Additional methods and results

Influence of the visual location of the previous trial on observers’ sound localization responses

We have performed a control regression analysis to assess the influence of the visual location of the previous trial on observers’ sound localization response. This is important because 200 ms prior to trial onset and sound presentation, observers were presented with a visual cloud whose mean was the same as for the previous trial and the cloud’s standard deviation (STD) varied according to a continuous or discontinuous sequence (see main paper). To quantify the influence of the previous visual location, we expanded our regression model that we used in the main paper by another regressor modeling the visual cloud’s location on the previous trial. For instance, for bin = 1, we computed:

RA,trial,bin=1=LA,trial,bin=1 ßA,bin=1 +LV,trial,bin=1 ßV,bin=1 +LV,trial1,bin=1 ßVprevious,bin=1 + ßconst,bin=1 +etrial,bin=1

with RA,trial, bin=1 = localization response for current trial that is assigned to bin 1; LA,trial,bin=1 or LV,trial,bin=1= ‘true’ auditory or visual location for current trial that is assigned to bin 1; LV,trial-1,bin=1 ‘true’ visual location for corresponding previous trial (for explanatory purposes, we assign here the bin of the current trial; the previous trial actually falls into a different bin); ßA,bin=1 or ßV,bin=1 = quantified the influence of the auditory and visual location of the current trial on the perceived sound location of the current trial for bin 1; ßVprevious,bin=1 quantified the influence of the visual location of the previous trial on the perceived sound location of the current trial for bin 1. ßconst,bin=1 = constant term; etrial,bin=1 = error term. For each bin, we thus obtained another visual weight estimate ßVprevious,bin for the previous location.

First, we averaged ßVprevious,bin across bins and entered these participant-specific bin-averaged ßVprevious into two-sided one-sample t-tests at the between-subject random effects level.
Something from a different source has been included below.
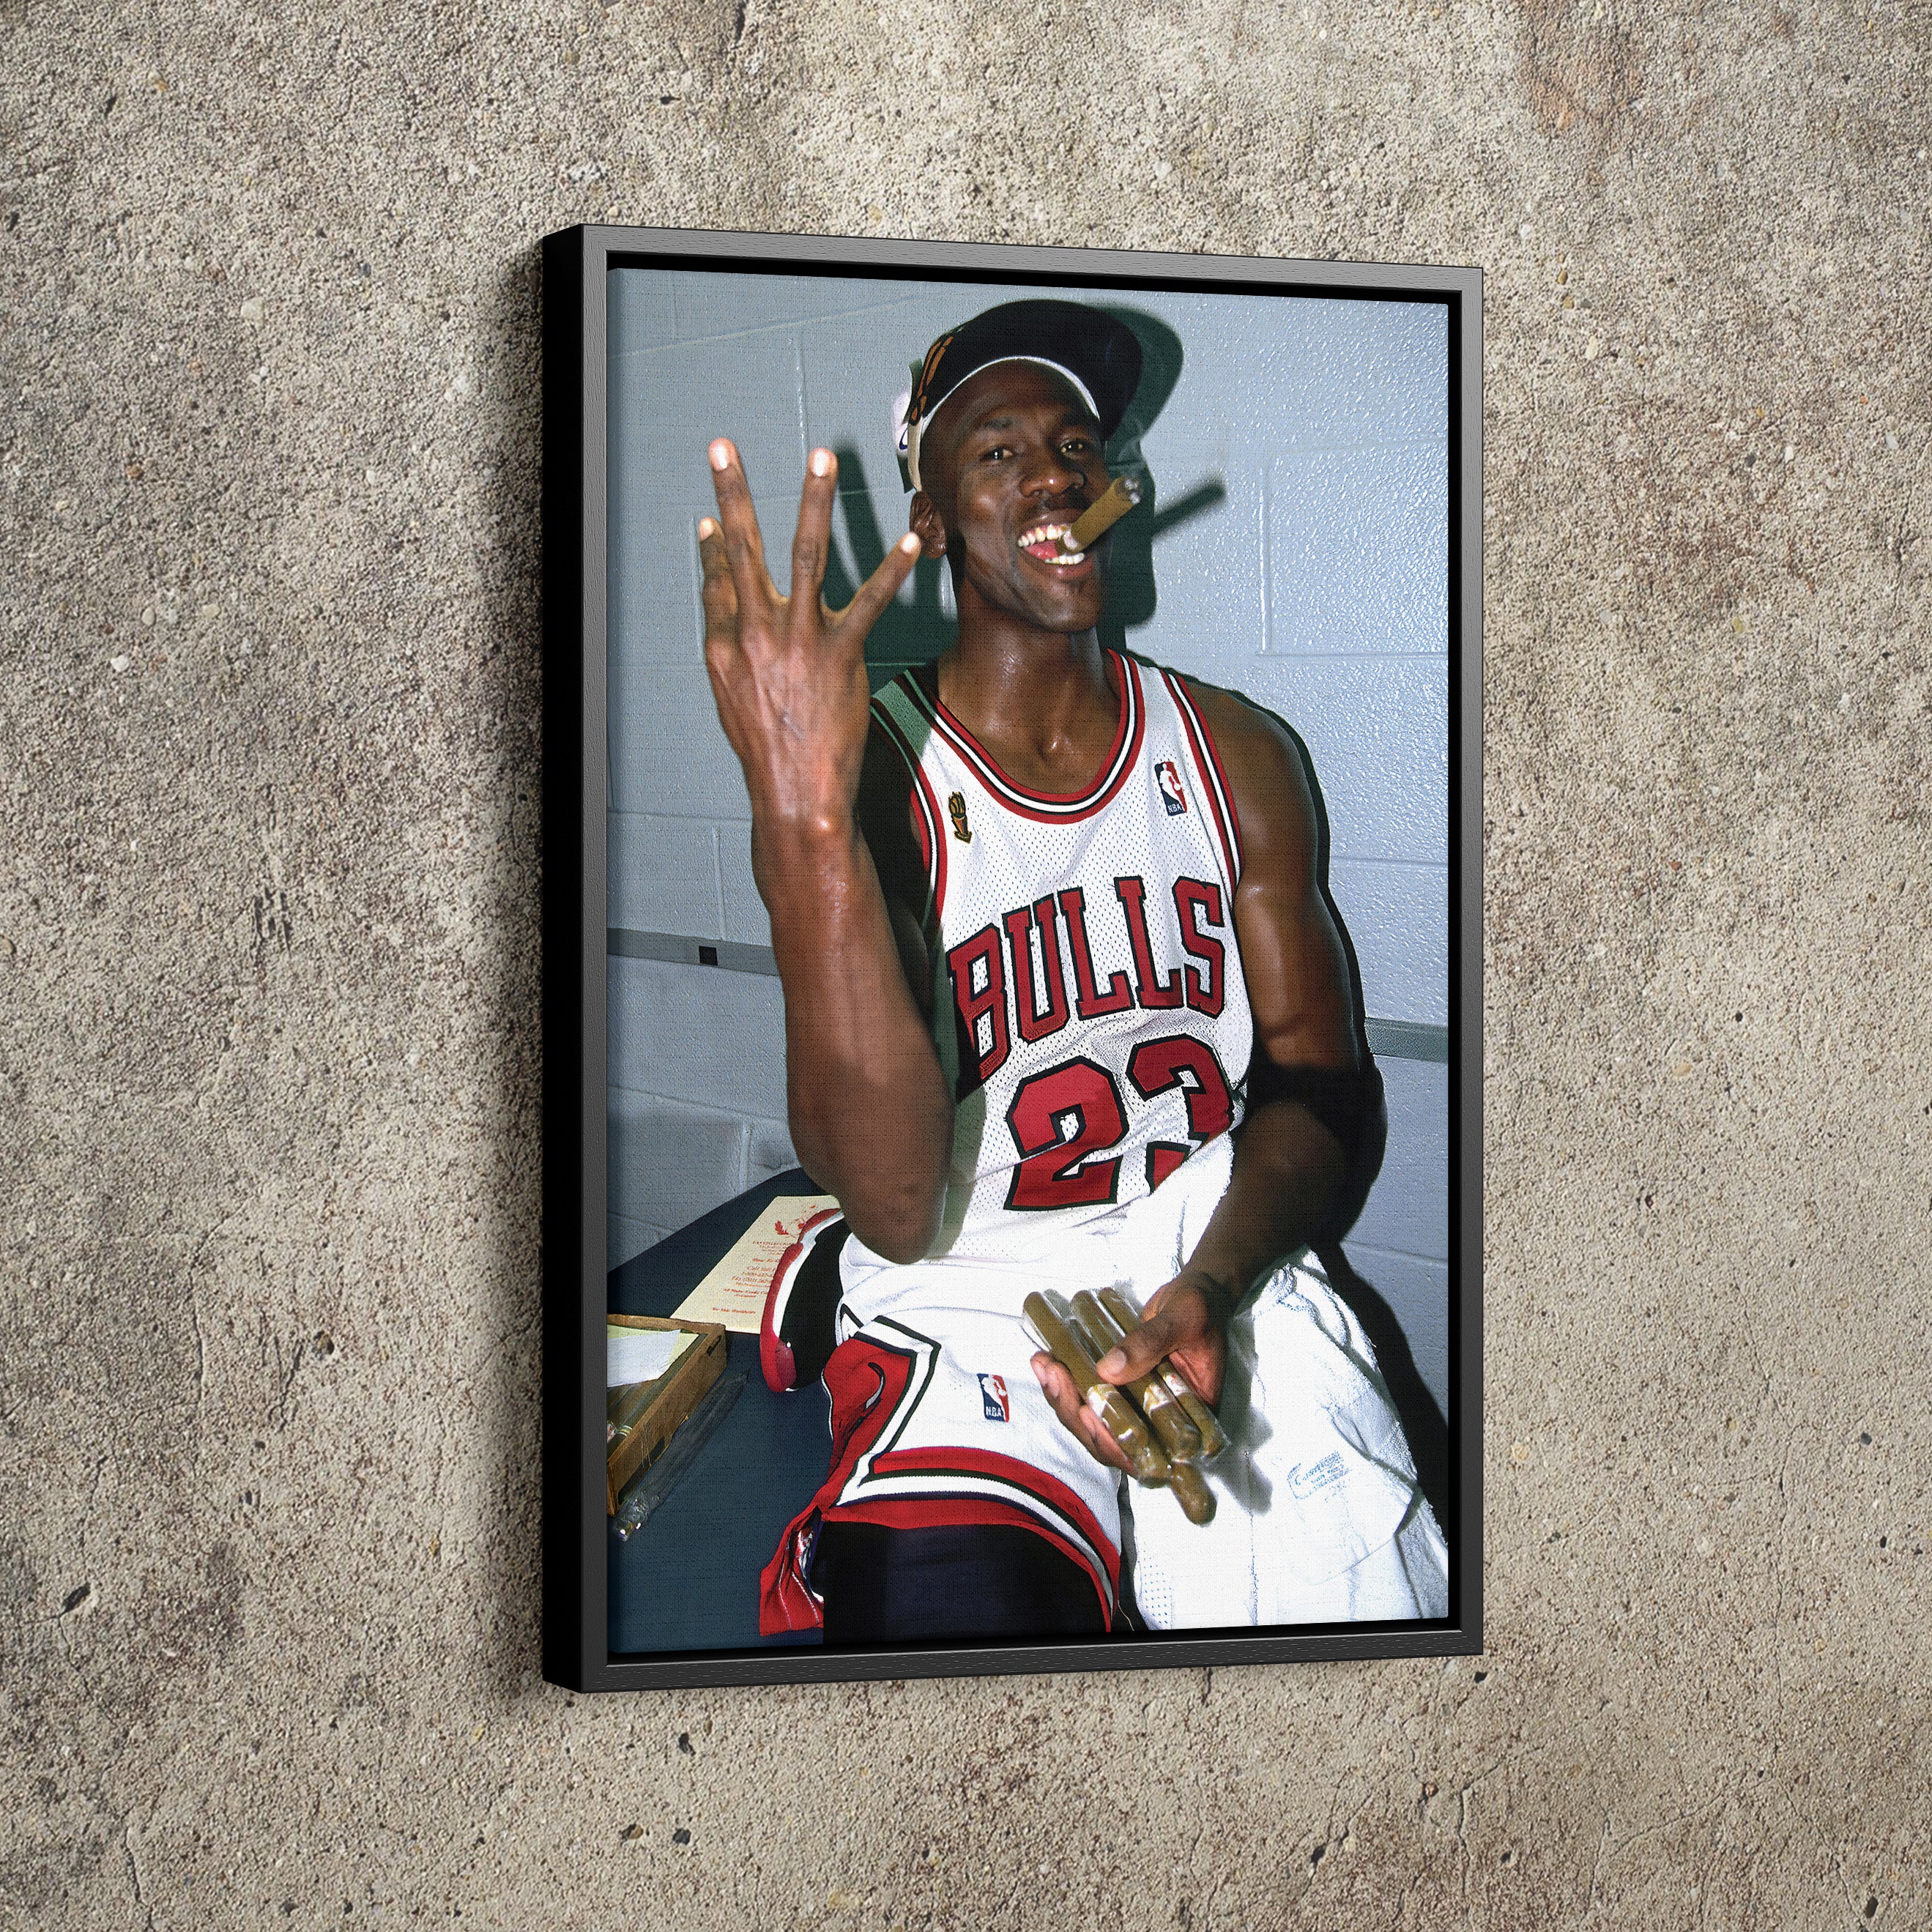 Michael Jordan Posters for Sale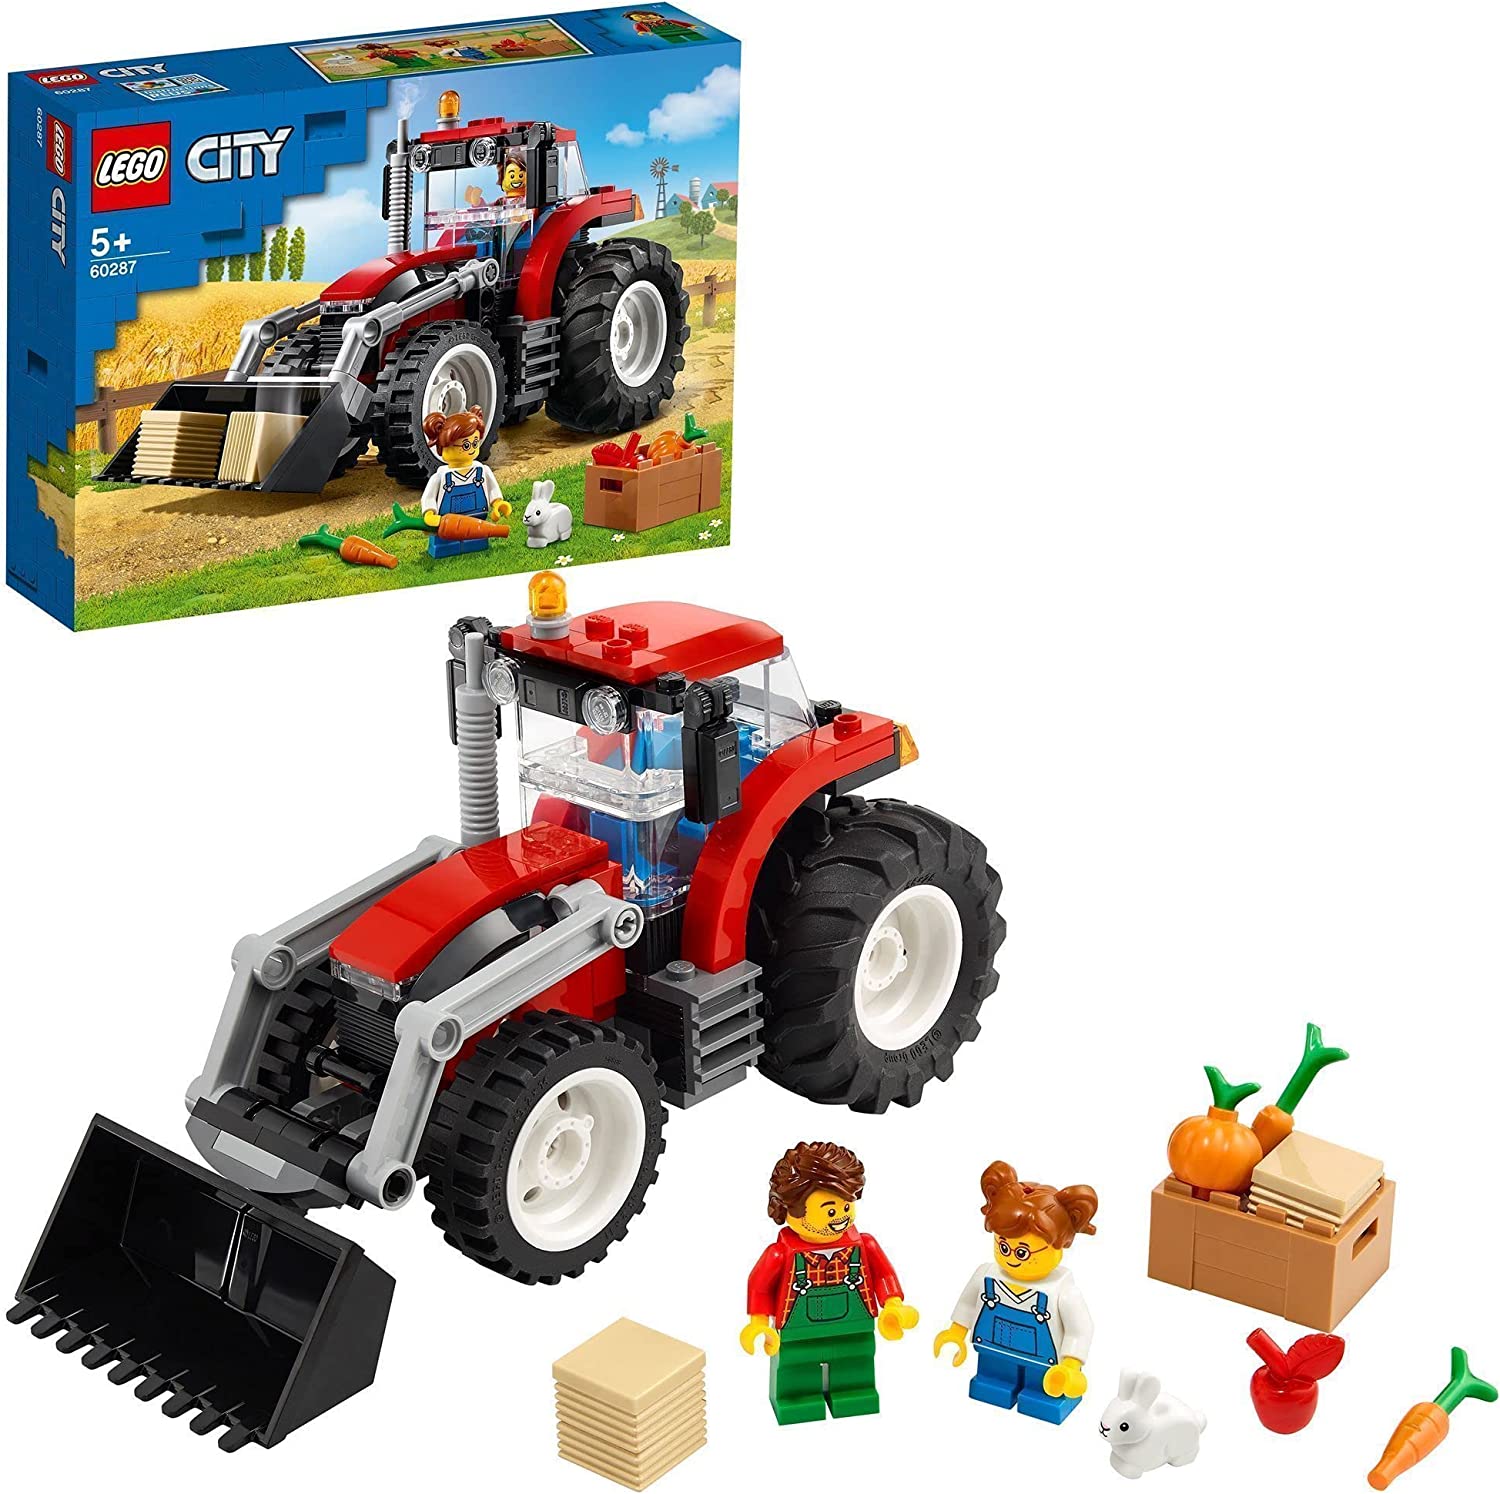 レゴ(LEGO) シティ トラクター 60287

Results: As shown in Supplementary file 1-Table 2A, this analysis demonstrated that the visual location of the previous trial significantly influenced observers’ perceived sound location on the current trial in the Sinusoidal, RW1 and (marginally) the Sinusoidal jump sequence.

Second, we computed the correlation of ßVprevious,bin with the visual noise in the current trials averaged in a given bin (r(ßVprevious,bin, σVcurrent,bin)) or with the visual noise (i.e. visual cloud’s STD) in the previous trial averaged within a given bin (r(ßVprevious,bin, σVprevious,bin)). The correlations were computed over bins within each participant. We entered the participant-specific Fisher z-transformed correlation coefficients into two-sided one-sample t-tests at the between-subject random-effects level (see Supplementary file 1-Table 2, section B and C). Results: These analyses demonstrated that the influence of the visual location on the previous trial was not correlated with the visual cloud’s STD on the current or previous trial (apart from one significant p-value for the sinusoidal jump sequence, but after Bonferroni correction for the eight additional statistical comparisons this p-value is no longer statistically significant either). This analysis already suggests that the previous visual location is unlikely responsible for the effects of the previous STD on observers’ perceived sound location.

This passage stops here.